Zhang Yanxiao, Lin Yu-Hsuan, Johnson Timothy D, Rozek Laura S, Sartor Maureen A
Department of Computational Medicine and Bioinformatics, Department of Biostatistics and Department of Environmental Health Sciences, School of Public Health, University of Michigan, Ann Arbor, MI 48109, USA.

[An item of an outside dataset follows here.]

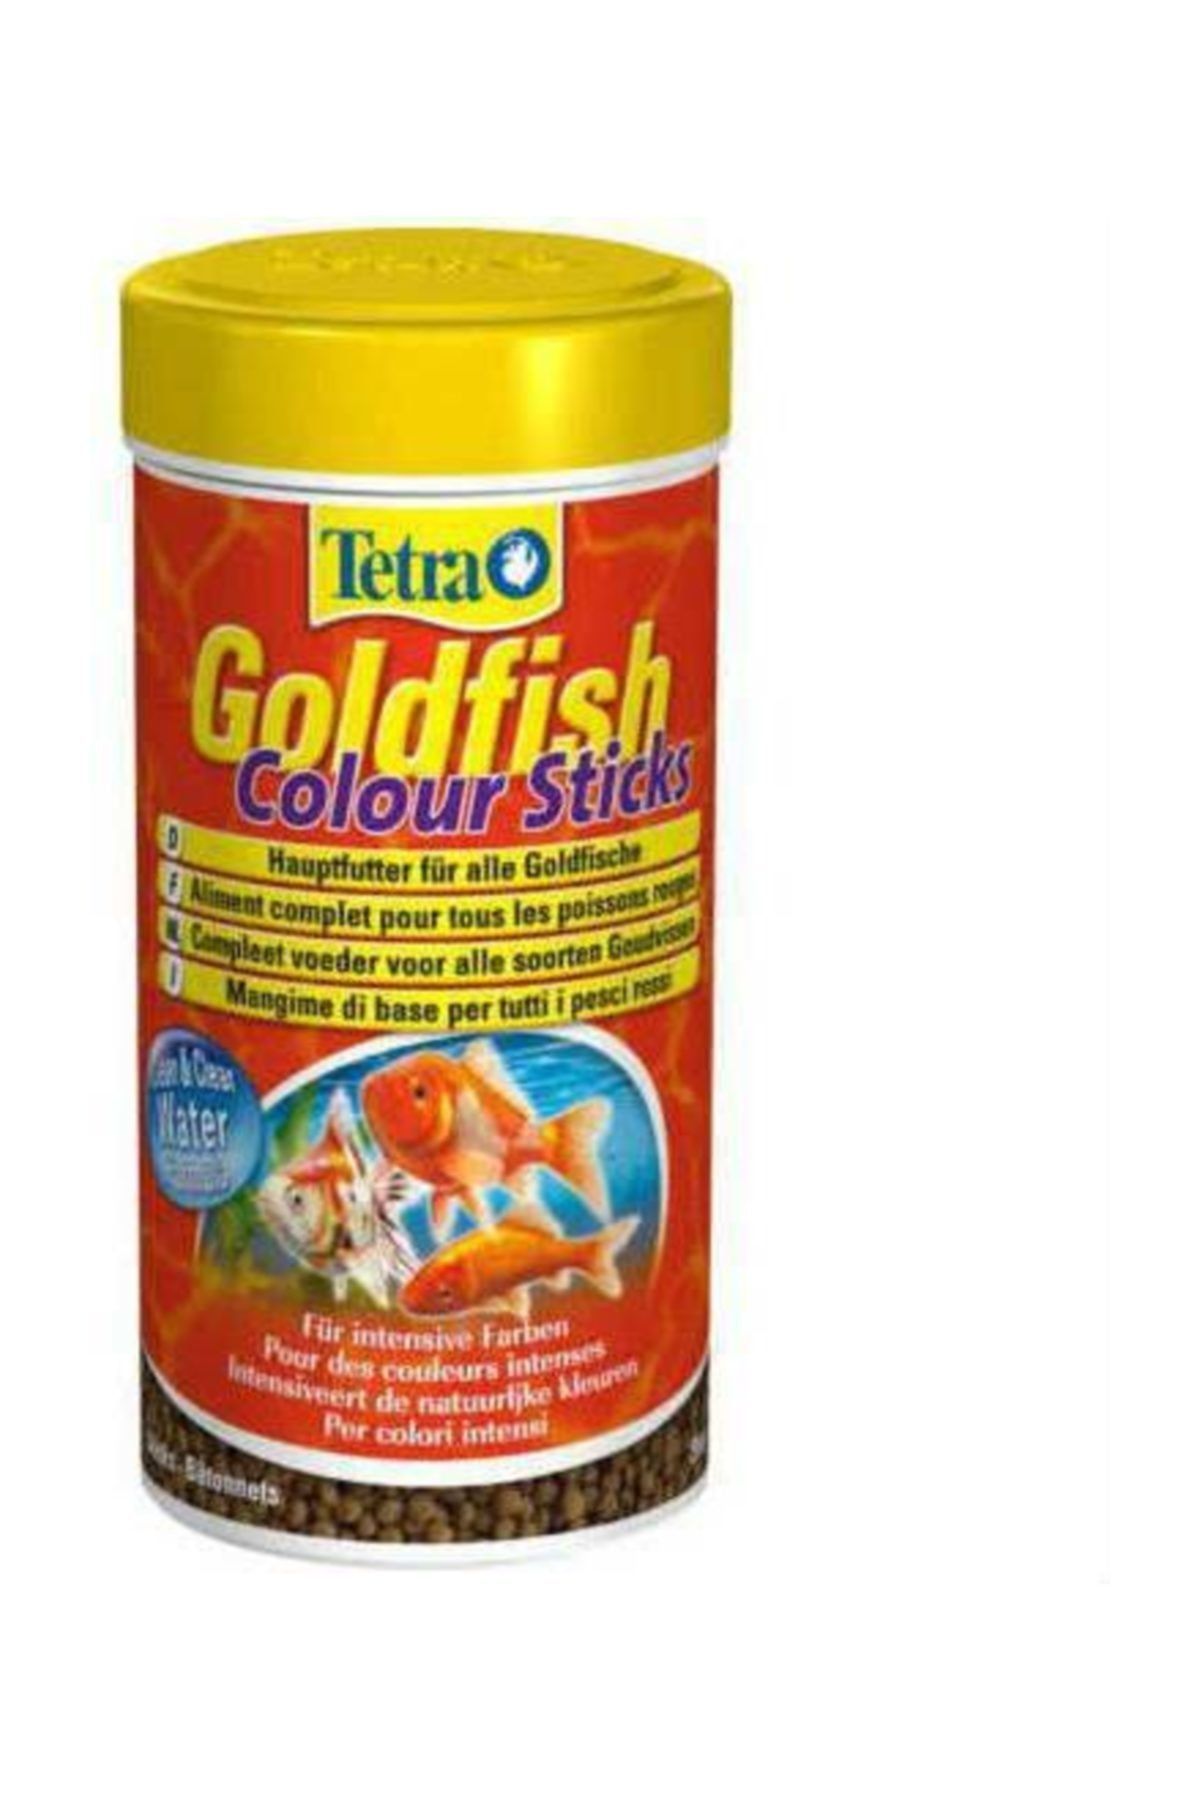 Tetra Goldfish Colour Sticks 100ml Japon

Department of Computational Medicine and Bioinformatics, Department of Biostatistics and Department of Environmental Health Sciences, School of Public Health, University of Michigan, Ann Arbor, MI 48109, USA Department of Computational Medicine and Bioinformatics, Department of Biostatistics and Department of Environmental Health Sciences, School of Public Health, University of Michigan, Ann Arbor, MI 48109, USA.
Bioinformatics. 2014 Sep 15;30(18):2568-75. doi: 10.1093/bioinformatics/btu372. Epub 2014 Jun 3.
ChIP-Seq is the standard method to identify genome-wide DNA-binding sites for transcription factors (TFs) and histone modifications. There is a growing need to analyze experiments with biological replicates, especially for epigenomic experiments where variation among biological samples can be substantial. However, tools that can perform group comparisons are currently lacking.
We present a peak-calling prioritization pipeline (PePr) for identifying consistent or differential binding sites in ChIP-Seq experiments with biological replicates. PePr models read counts across the genome among biological samples with a negative binomial distribution and uses a local variance estimation method, ranking consistent or differential binding sites more favorably than sites with greater variability. We compared PePr with commonly used and recently proposed approaches on eight TF datasets and show that PePr uniquely identifies consistent regions with enriched read counts, high motif occurrence rate and known characteristics of TF binding based on visual inspection. For histone modification data with broadly enriched regions, PePr identified differential regions that are consistent within groups and outperformed other methods in scaling False Discovery Rate (FDR) analysis.
染色质免疫沉淀测序(ChIP-Seq)是识别全基因组范围内转录因子(TFs)的DNA结合位点和组蛋白修饰的标准方法。对于生物重复实验的分析需求日益增长,特别是对于生物样本间差异可能很大的表观基因组实验。然而,目前缺乏能够进行组间比较的工具。
我们提出了一种峰检测优先级流程(PePr),用于在具有生物重复的ChIP-Seq实验中识别一致或差异结合位点。PePr使用负二项分布对生物样本间全基因组的读数计数进行建模,并采用局部方差估计方法,相比于具有更大变异性的位点,更有利于对一致或差异结合位点进行排名。我们在八个TF数据集上,将PePr与常用和最近提出的方法进行了比较,结果表明,基于目视检查,PePr能独特地识别出具有富集读数计数、高基序出现率以及TF结合已知特征的一致区域。对于具有广泛富集区域的组蛋白修饰数据,PePr识别出组内一致的差异区域,并且在错误发现率(FDR)分析的规模上优于其他方法。